Showing papers by "Jefferson A. Vaughan published in 1996"

Facilitation of Rift Valley fever virus transmission by Plasmodium berghei sporozoites in Anopheles stephensi mosquitoes.

Abstract: Certain mosquito species are susceptible to viral infection but cannot transmit the virus due to a salivary gland barrier. We hypothesized that such species could transmit virus if the mosquito were infected with both virus and malaria parasites. Malaria sporozoites disrupt the integrity of mosquito salivary glands and, in so doing, may destroy salivary gland barriers to viral transmission. To examine this postulate, the model system of Rift Valley fever (RVF) virus and a rodent parasite, Plasmodium berghei, in Anopheles stephensi mosquitoes was used. Viral transmission rates for RVF virus-inoculated anophelines that were previously fed either gametocytemic blood (malaria-infected) or normal blood (control) were compared. Viral transmission rates for anophelines having concurrent sporozoite infection of the salivary glands were 32% (n = 25). None of the RVF virus-inoculated control anophelines (n = 55) transmitted virus. These studies confirm an earlier report that malaria sporozoites can disrupt salivary gland barriers and enhance mosquito transmission of arboviruses. Taken together with similar studies using microfilarial parasites, it is increasingly apparent that mosquito-borne parasites have the potential to enhance mosquito transmission of arboviruses.

Dual host infections: enhanced infectivity of eastern equine encephalitis virus to Aedes mosquitoes mediated by Brugia microfilariae.

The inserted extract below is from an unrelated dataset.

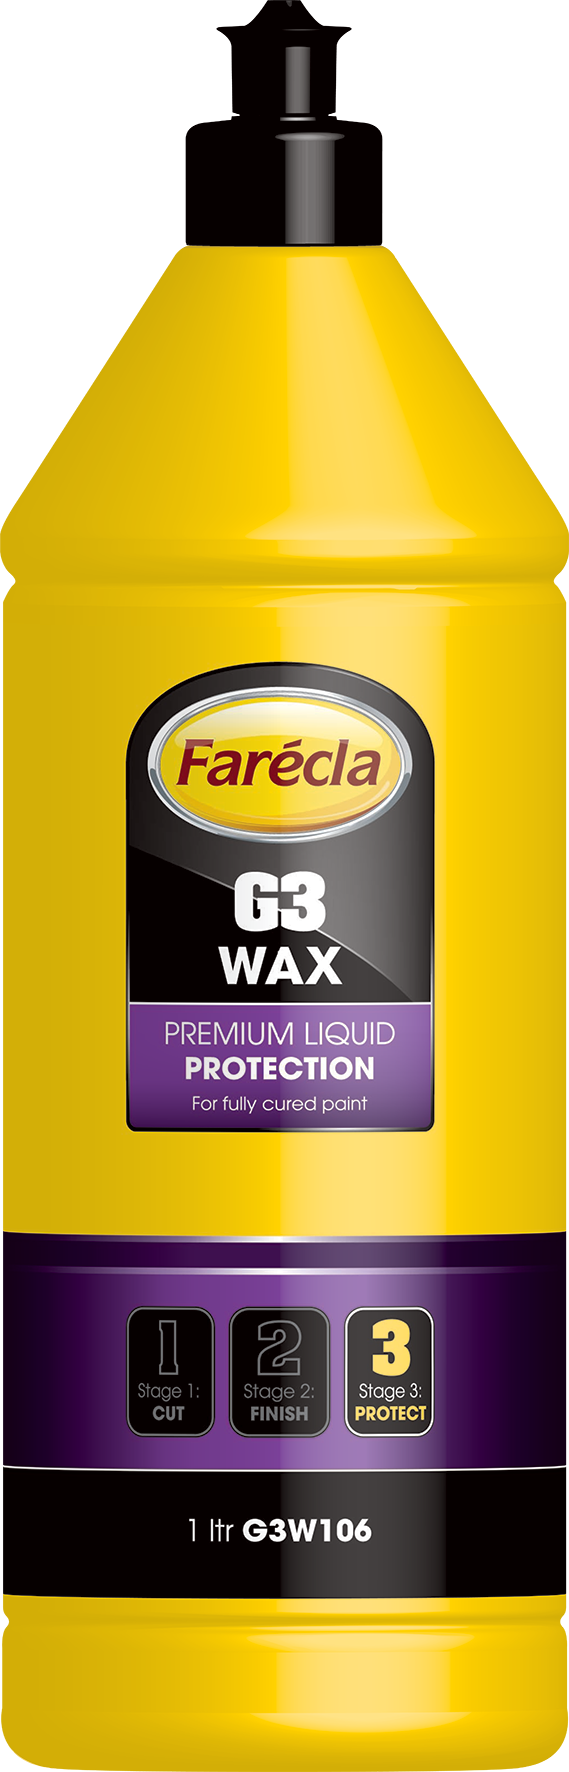 Farecla G3 Wax Premium Liquid Protection 1L

Abstract: When mosquitoes feed on a vertebrate host that is infected concurrently with virus and microfilariae (mf), both pathogens are ingested. If mf penetrate the mosquito midgut, a small portion of the ingested virus may disseminate directly into the mosquito hemocoel. This phenomenon, termed microfilarial enhancement of arboviral transmission, has the potential to enhance the infectivity of arboviruses to mosquitoes. We investigated whether concurrent ingestion of Brugia mf and eastern equine encephalitis virus would enhance the infectivity and subsequent transmissibility of the virus by Aedes mosquitoes. Trials with Ae. triseriatus and B. pahangi mf indicated that microfilarial enhancement was dose dependent. Both a sufficient number of penetrating mf and a sufficient viremia were required for enhancement to occur. Furthermore, studies with B. malayi and three species of Aedes indicated that under comparable conditions of host viremia and microfilaremia, microfilarial enhancement occurred in some mosquito species (i.e., Ae. aegypti and Ae. taeniorhynchus) but not in others (Ae. triseriatus). We suggest that certain key parameters determine whether dual virus/mf host infections will enhance arboviral infectivity to mosquitoes. These include species differences in the capacity of mf to penetrate the mosquito midgut, the amount of virus passing into the hemocoel during mf penetration, and the innate susceptibility of mosquitoes to hemocoelomically introduced virus.

Presence of calreticulin in vector fleas (Siphonaptera).

Abstract: Calreticulin has been defined in the cat flea, Ctenophalides felis (Bouche), and oriental rat flea, Xenopsylla cheopis (Rothschild). Calreticulin, a major endoplasmic reticulum protein, was previously identified as a component of ixodid tick saliva. Using a riboprobe generated from the tick calreticulin complementary DNA (cDNA), we distinguished 2 transcripts for calreticulin in cat fleas by Northern blot analysis. Increased expression of calreticulin was not evident in fed versus unfed adult fleas. We were able to amplify a calreticulin flea product from fed female messenger RNA (mRNA) using primers designed from the tick calreticulin gene. One of these products hybridized to the tick riboprobe. Localization of specific antibody to cat flea tissues showed calreticulin in the midgut with no detection in the salivary glands. We also observed specific labeling of calreticulin with antibody in the ovaries of fed females. Several cat flea polypeptides appear to crossreact with anticalreticulin antibody in Western blots. We did not detect a calreticulin using antibody to the tick-secreted protein in cat flea salivary glands. This antibody did recognize a protein in the rat flea salivary glands. Our results show that fleas have calreticulin and, possibly, several isoforms. It appears that the salivary glands of the cat and oriental rat flea differ in detectable levels of calreticulin. The specific antibody labeling of the ovaries is interesting and remains to be understood. Calreticulin's appearance in the midgut suggests a possible source of calreticulin as a flea secretion. Further studies are in progress to complete the sequencing of the flea polymerase chain reaction (PCR) product to compare to tick-secreted calreticulin. Comparisons to other blood-feeding arthropods at the protein and gene level are also being done. We hope to define further the expression of calreticulin in fleas, and in general, blood-feeding arthropods, with respect to its role in feeding and pathogen transmission.